Revolutionary Design: A History of Russian Constructivism
The advent of the machine in the nineteenth-century had such significance that the subsequent years can legitimately be termed the Machine Age. Among the great number of cultural changes engendered by this new era was the adoption of a machine aesthetic in the fields of architecture and design. This was of central importance to the Modern Movement as it provided a means by which its practitioners could engage with what they regarded as the spirit of the age.

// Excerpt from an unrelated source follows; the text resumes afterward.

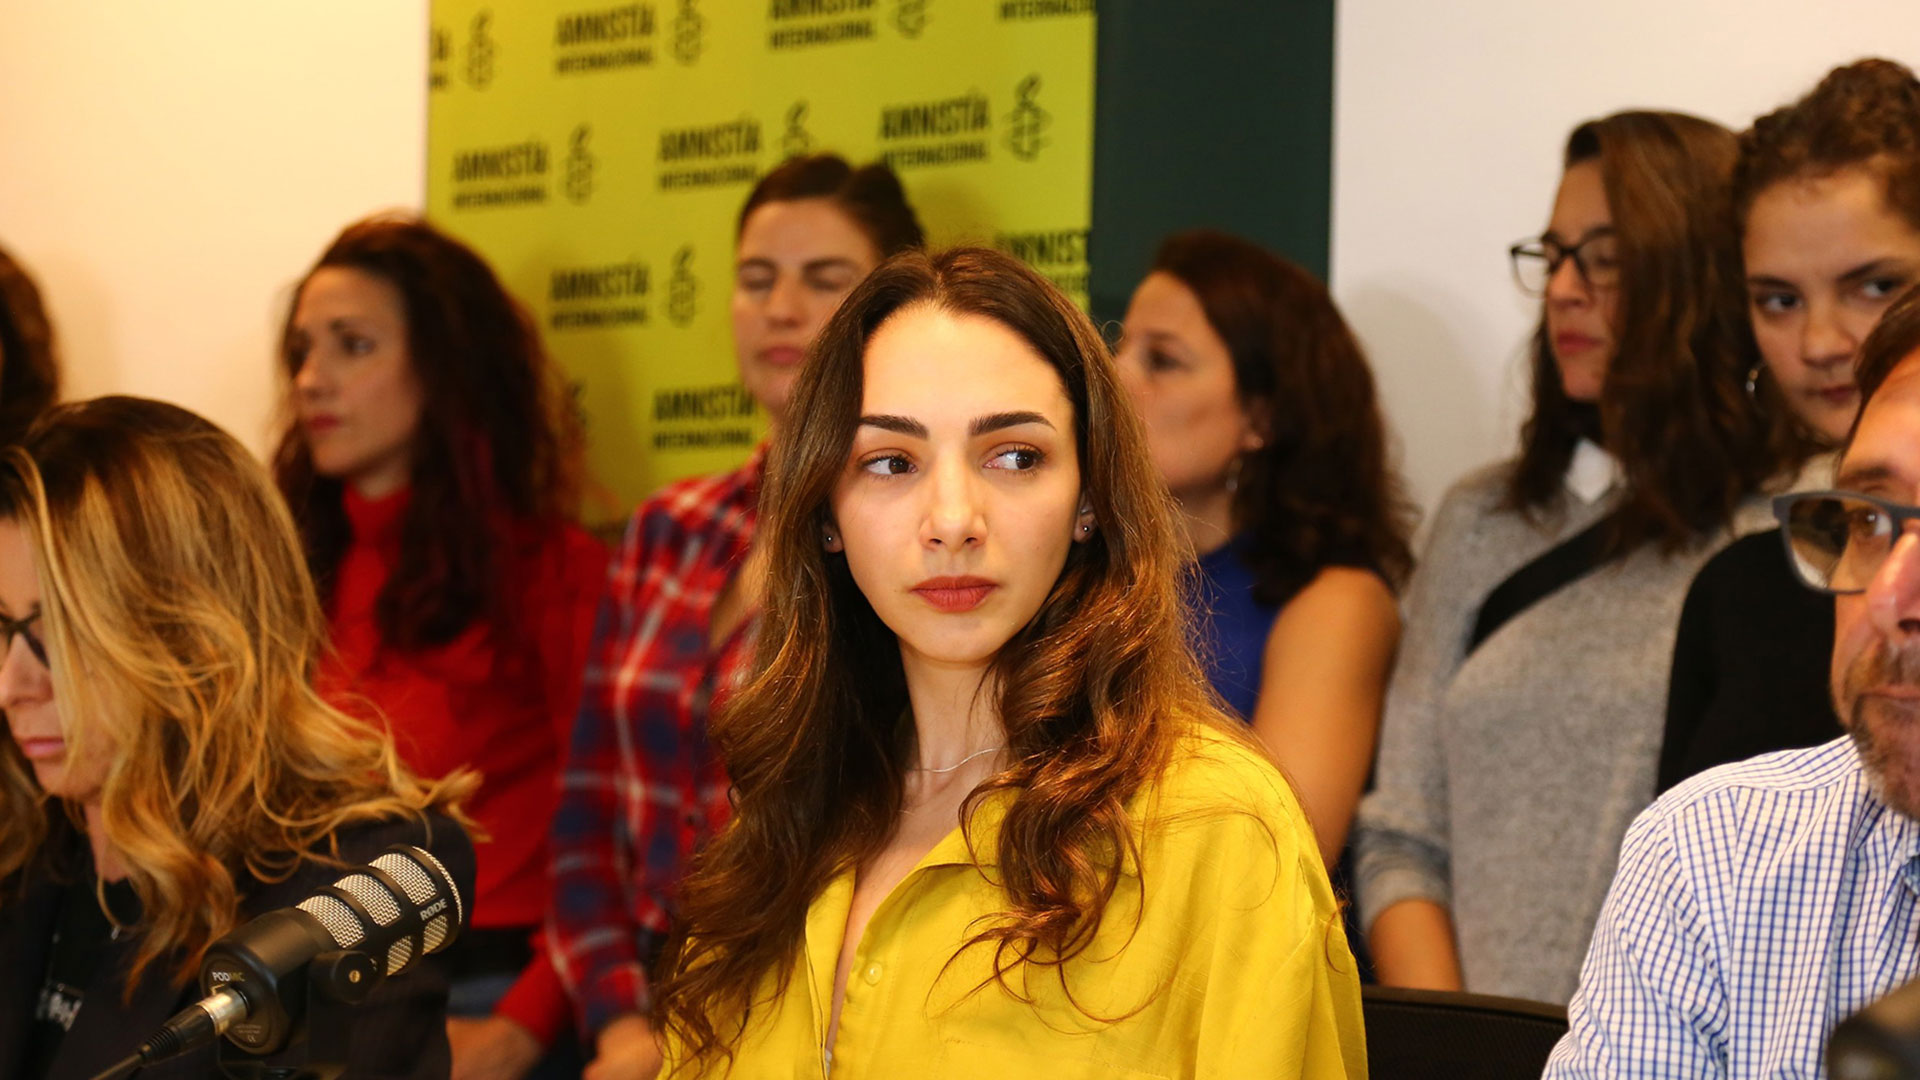 Thelma Fardin en la conferencia en Amnistia Internacional junto a su abogado Martín Arias Duval y su abogada Carla Junqueira (RS Fotos)

The practical use of the machine aesthetic is best illustrated by the Russian Constructivist movement. It is perhaps surprising that an aesthetic deriving from the machine - the foundation of capitalism - could flourish in the political climate following the Communist Revolution of 1917. Adolf Loos’ idea of the machine as labour-saving device was, of course, central in resolving this dilemma, as was the social liberation and classnessness revealed by Van Doesburg and Moholy-Nagy. Also instrumental, no doubt, was the fact that, in this era, Russia was still largely a rural, peasant country possessing no heavy industry. The negative aspects of the machine would therefore have been less obvious than the myths of its glorious effects.
The Red Worker, 1920
In this climate of rural poverty and political fervour, the machine seemed capable of transforming society, and the aesthetic became the perfect metaphor for revolution and nation-wide progress. Since this made the aesthetic an invaluable resource for Communist propaganda, many of the leading designers were commissioned to create works that mythologised the revolution. For example, Kotscherguin contributed a Communist poster to an issue of The Red Worker in 1920. Here, an army of revolutionaries is matching with red banners held aloft. The skyline is composed entirely of the dynamic shapes of factories, while the vast sun is drawn as a whirring cog. Penny Sparke has observed the widespread use of the cog and wheel as ‘graphic icons to suggest how the machine would transform society.’ Further examples include Vavara Stepanova’s dynamic textile and clothing designs, such as those completed for LEF magazine in 1923. In the same issue, her husband Rodchenko exhibited logo designs which invoked the iconography of airplanes.
LEF magazine, 1923
The propaganda function was soon recognised by the government, and agencies were set up to cultivate it. Proletkult, or the Organisation for Proletarian Culture, had been founded in 1906. Now, in the post-revolutionary era, Constructivists were recruited to create the Agit-Prop propaganda trains and boats that toured the country. These were adorned with Modernist graphic design that could spread the revolutionary message to Russia’s largely illiterate population.
Significantly, this situation did not only involve the government manipulating design to its own ends; many of the artists and designers were equally committed to the idea that they could serve the new society. The Constructivist movement was so named because its members saw it as their task to ‘construct’ the environment for a new society in the same way that engineers constructed bridges and so on. Proletkult promoted the unity of science, industry, and art: Vladimir Tatlin, for example, believed design was linked to engineering, and saw the designer as an anonymous worker building for society. Tatlin’s Monument to the Third International (1919-20) reflects this ethos.
Monument to the Third International, 1919-20
This projection for a 400m tall tower (only a scaled-down model was built) clearly represents the union of art and construction – its sculptural form of two intertwining spirals and a soaring diagonal component is rendered in a lattice construction suggestive of engineering. As well as resembling a machine, the tower actually functioned as one: it featured four transparent volumes that rotated at different speeds (yearly, monthly, daily and hourly). These were intended to house government offices for legislation, administration, information and cinematic projection.